START Exercise data
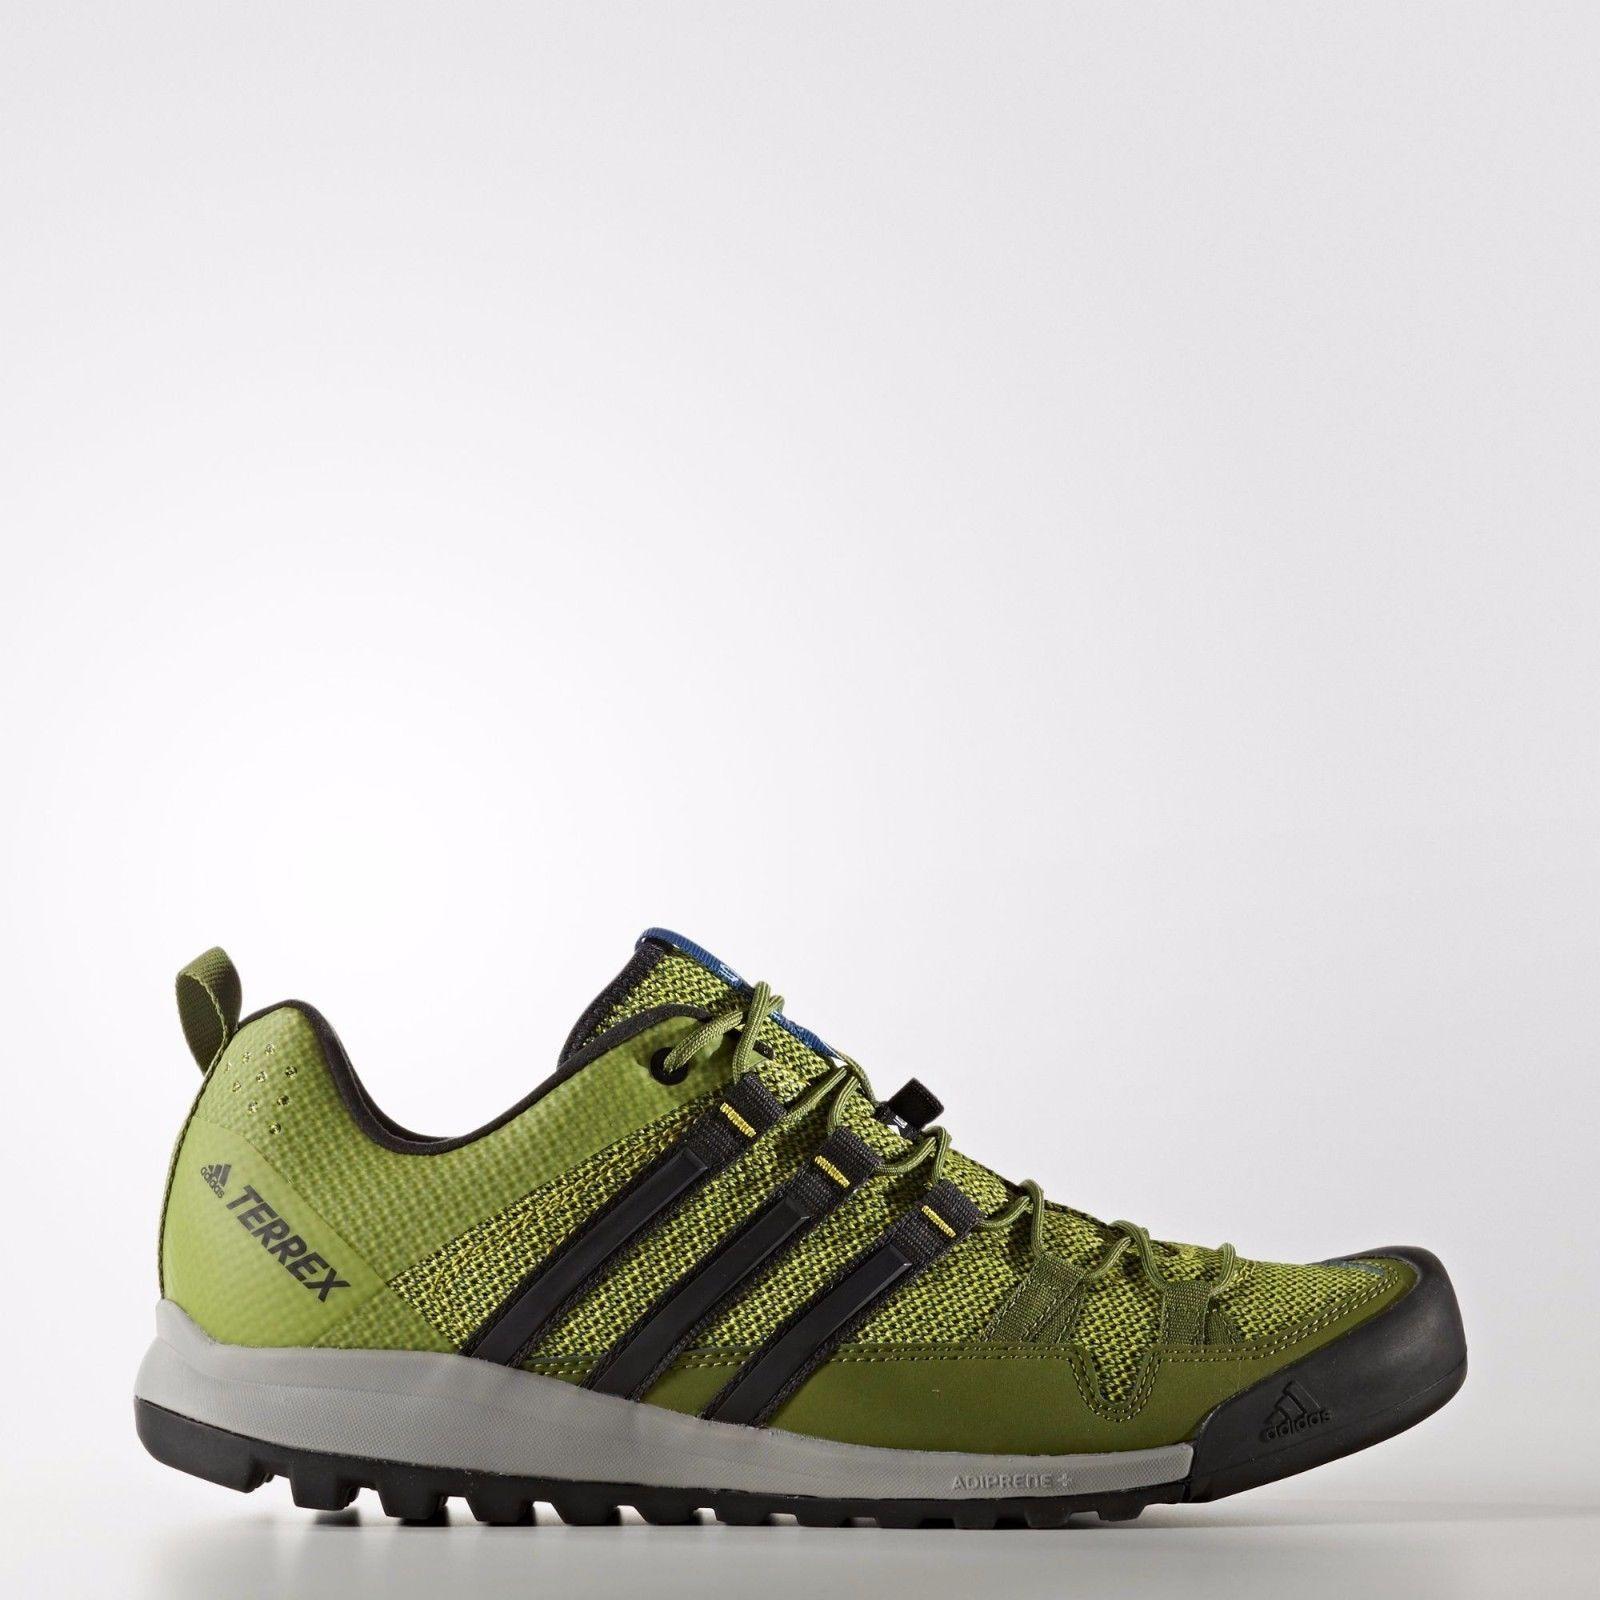 Adidas BB5563 Men's Outdoor Terrex Solo Shoes, Unity Lime
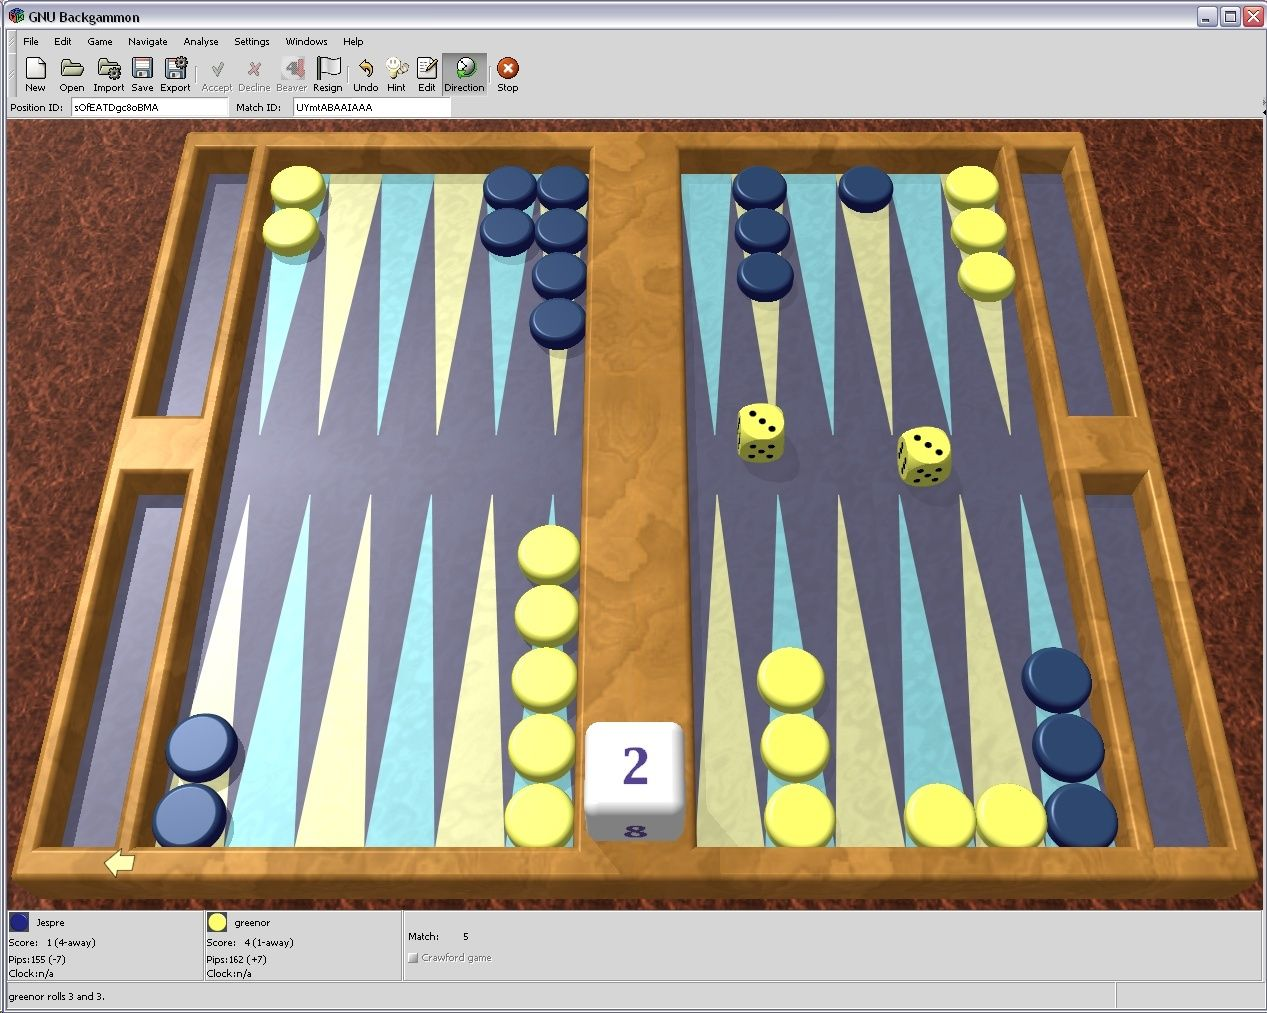 GNU Backgammon 1.06.002 - Παίξτε τάβλι Gnubg_10
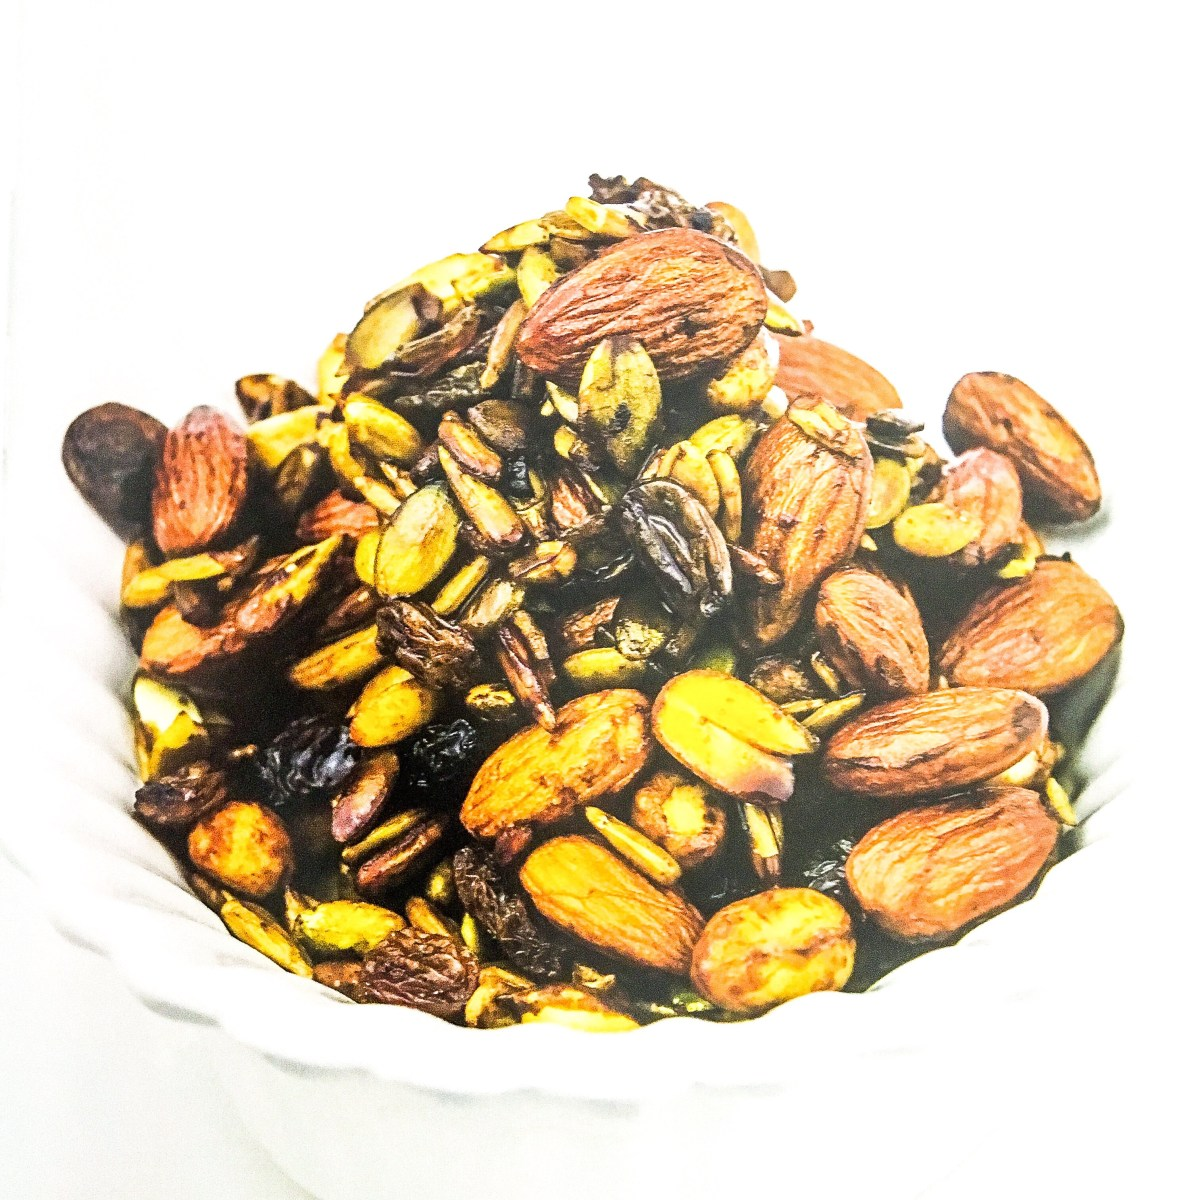 Recipe: Tamari Nuts and Seeds
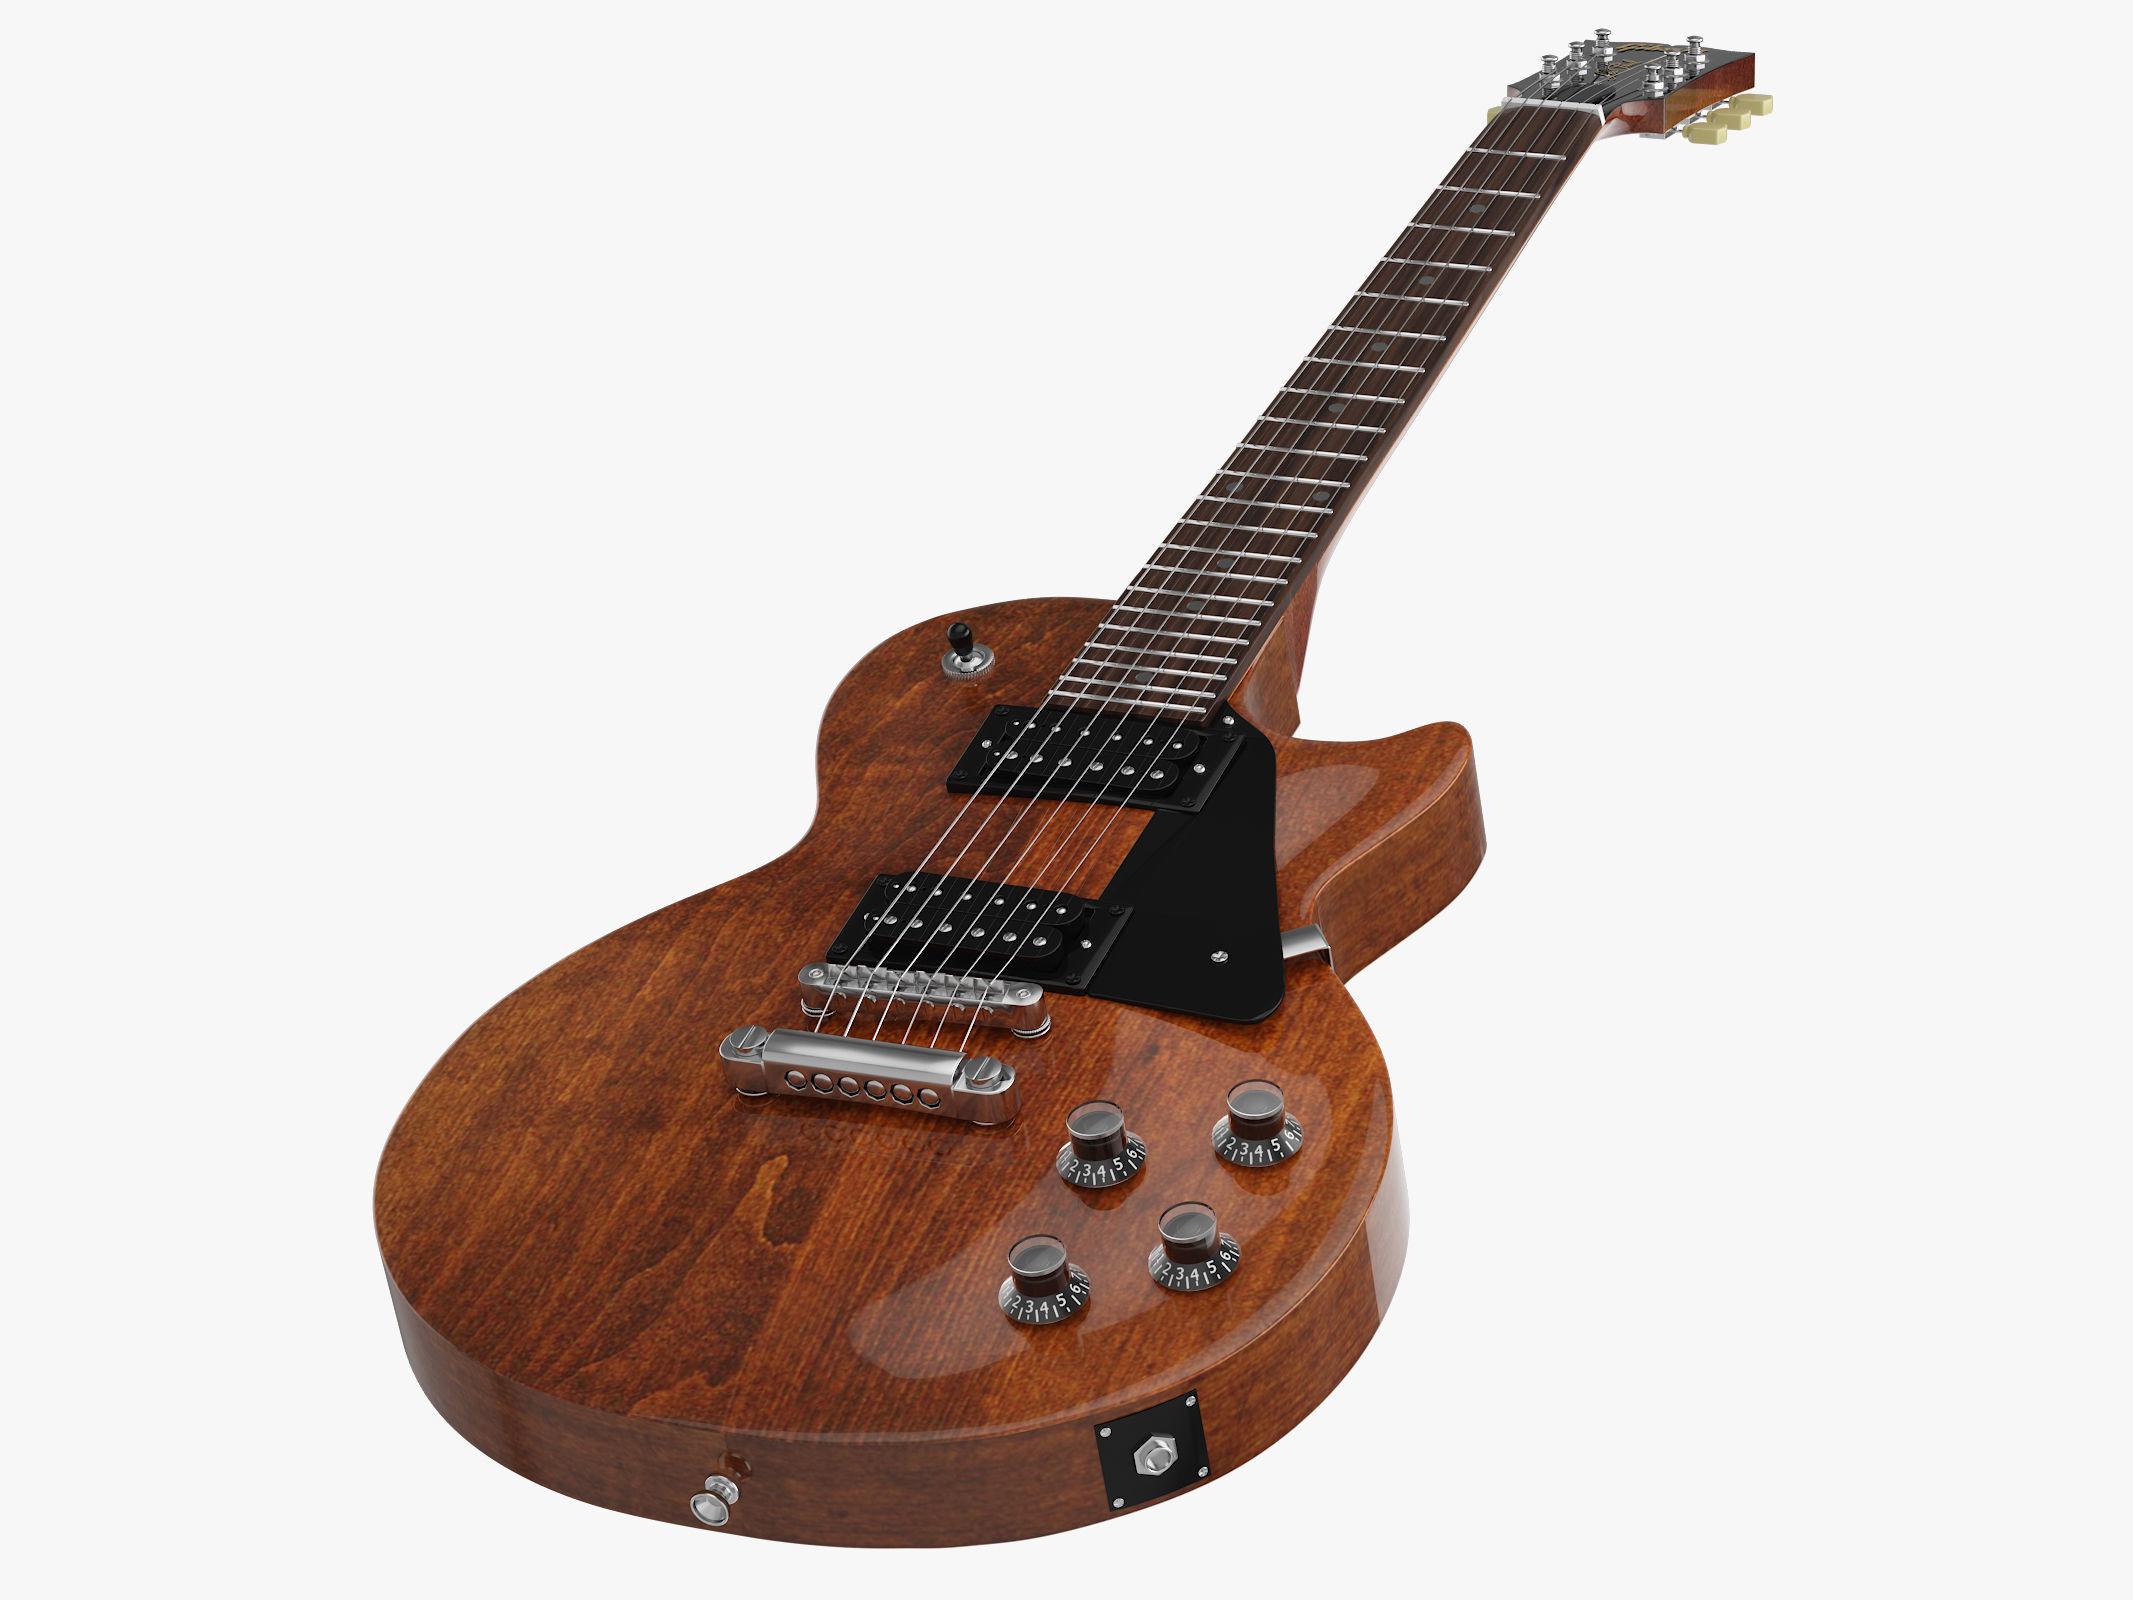 Gibson Les Paul Faded 2018 Worn Bourbon Electric Guitar | 3D model
END Exercise data
§ Exercise directions
Copy out every line above, word for word, minus images.

§ Expected answer
 Adidas BB5563 Men's Outdoor Terrex Solo Shoes, Unity Lime
 GNU Backgammon 1.06.002 - Παίξτε τάβλι Gnubg_10
 Recipe: Tamari Nuts and Seeds
 Gibson Les Paul Faded 2018 Worn Bourbon Electric Guitar | 3D model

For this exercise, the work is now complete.